Overall Consideration of Effective and Ineffective Teaching Strategies
Five techniques are of questionable value: summarization, highlighting/underlining, keyword mnemonics, imagery use for text learning and rereading. Yet, students most often report using highlighting and rereading strategies. Teachers should teach learning strategies and specifically teach the limitations of these strategies.

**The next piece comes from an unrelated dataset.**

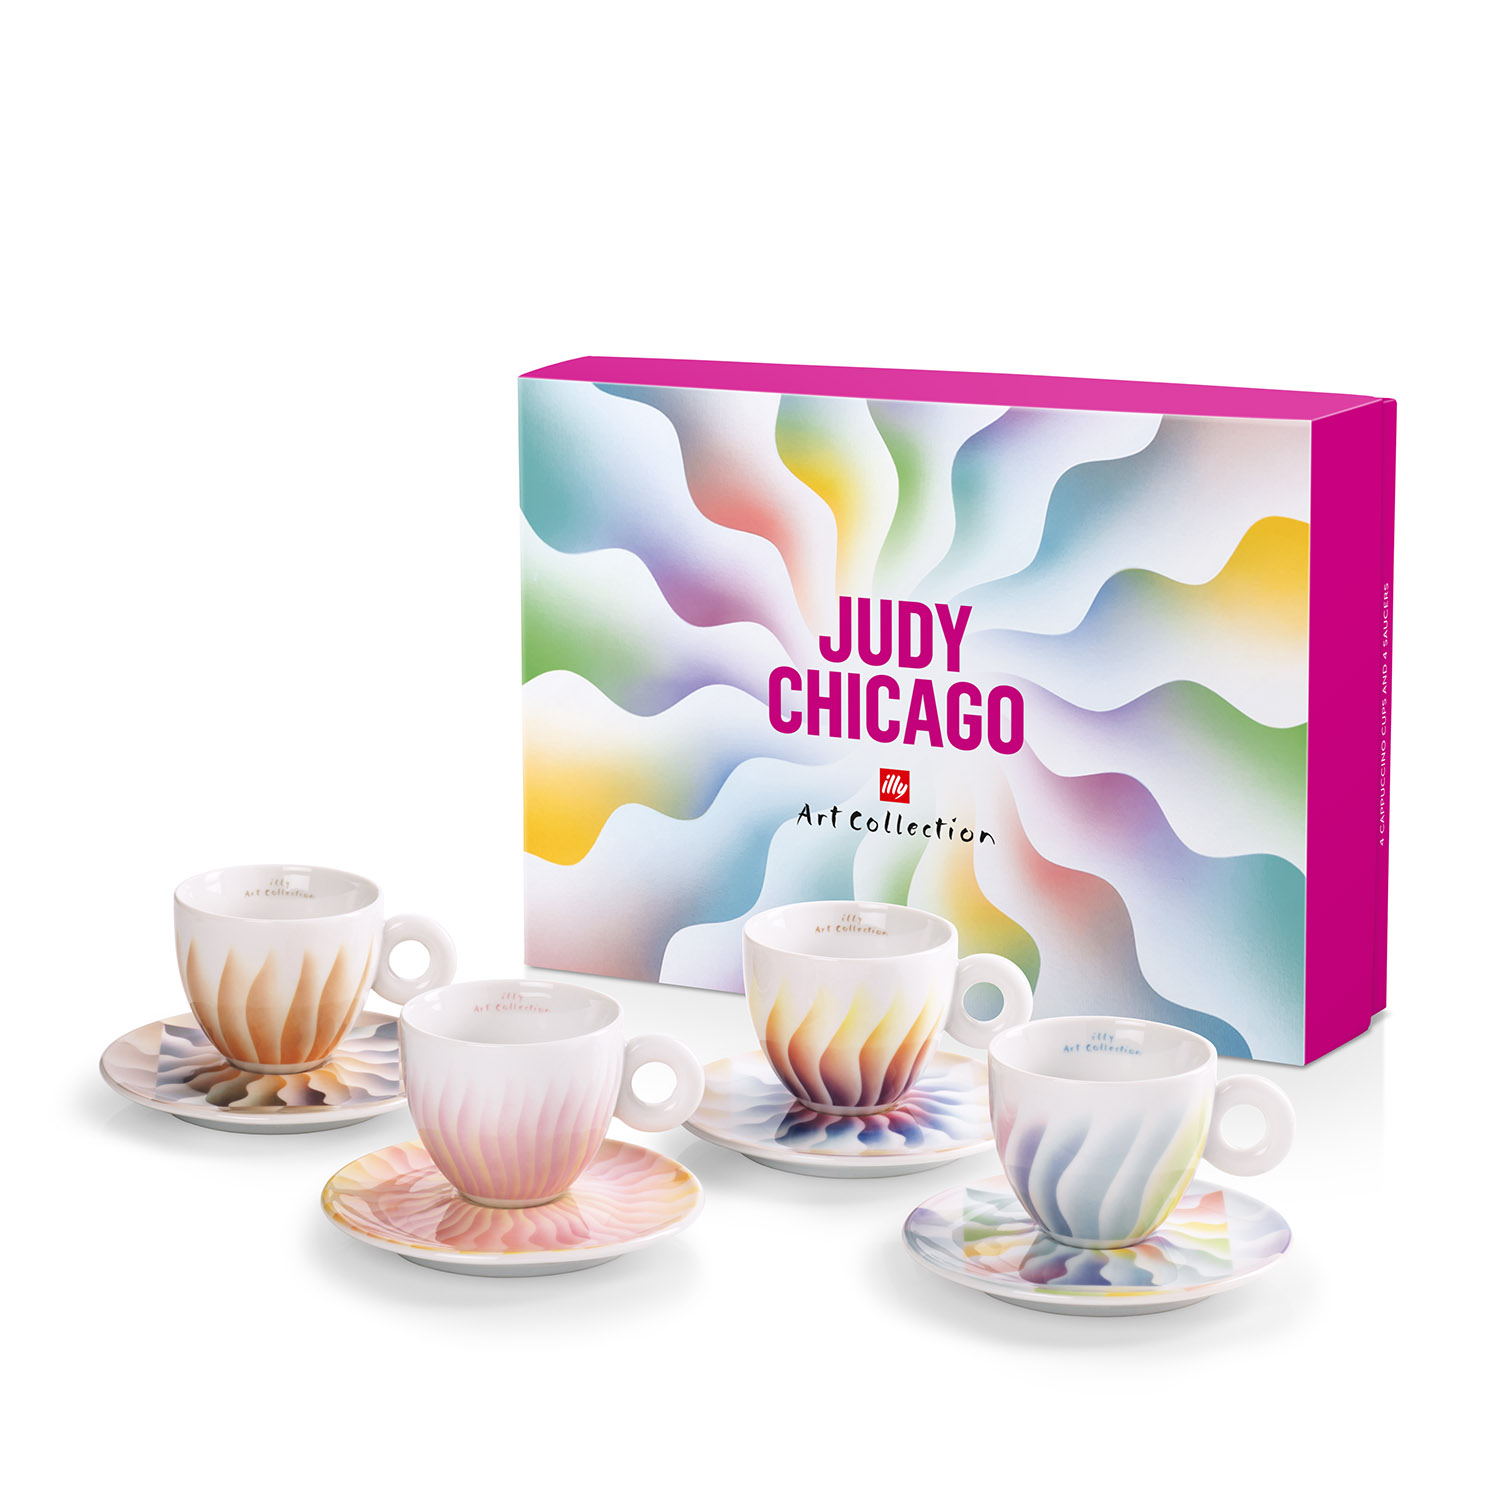 Set of 4 Cappuccino Cups - the Judy Chicago illy Art Collection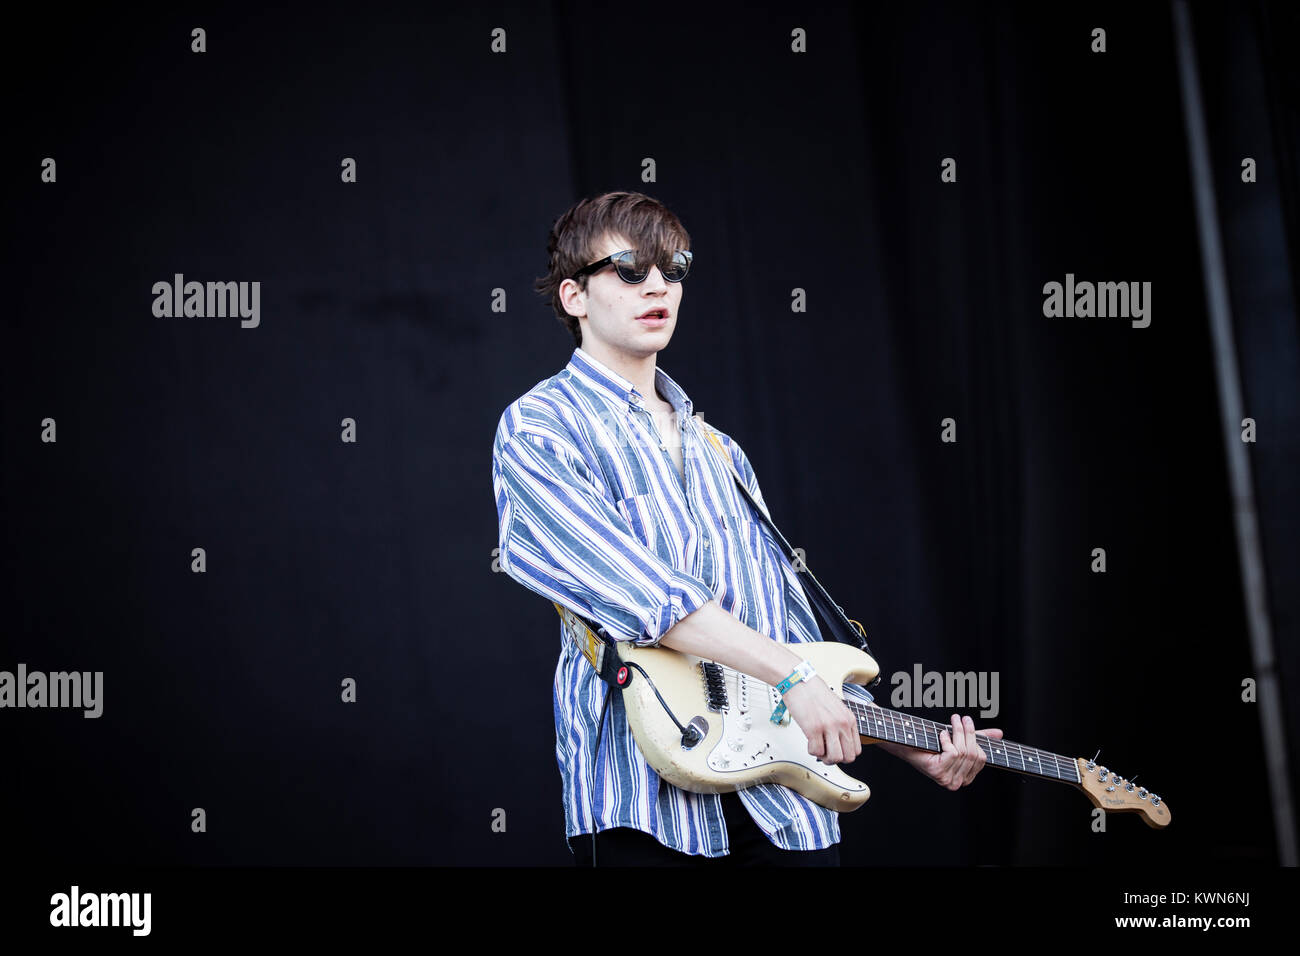 The English rock band Childhood performs a live concert at the Spanish music festival Primavera Sound 2015 in Barcelona. Here guitarist Leo Dobsen is pictured live on stage. Spain 28/05 2015. Stock Photo

On the other hand, two techniques are highly effective, practice testing and distributed practice. Teachers should recommend these practices to students and model them in the classroom. Of moderate value are interleaved practice, elaborative interrogation and self-explanation. Math teachers, especially, should take note of the value of self-explanation and interleaved practice for students of all ages.
These have implications in several areas:
- Classroom teaching. In classrooms, teachers should implement the highly effective strategies of practice testing and distributed practice. They should look for ways to include appropriate interleaved practice, elaborative interrogation and self-explanation. They should abandon summarization, highlighting, keyword mnemonics, imagery for text learning and rereading, except for highly targeted tasks. Ban yellow highlighters!
- Teaching students how to study. Students need to be specifically taught to use effective learning principles. For example, the Cornell note-taking method provides for self-testing of material and might be an effective study method to teach.
- Choosing textbooks and instructional materials. Specifically look for teaching materials which give interleaved practice of developing concepts. As the CCSS requires a systematic development of knowledge across a domain area, look for materials which will interleave knowledge within and across grade levels.
- Future research. The monograph clearly points to areas which need more study. In particular, each of these techniques could be studied in more detail in the K-12 area, as many of the research studies are with college age students.
- Materials for teacher training need to recognize and teach the instructional strategies which are supported by research and encourage further research.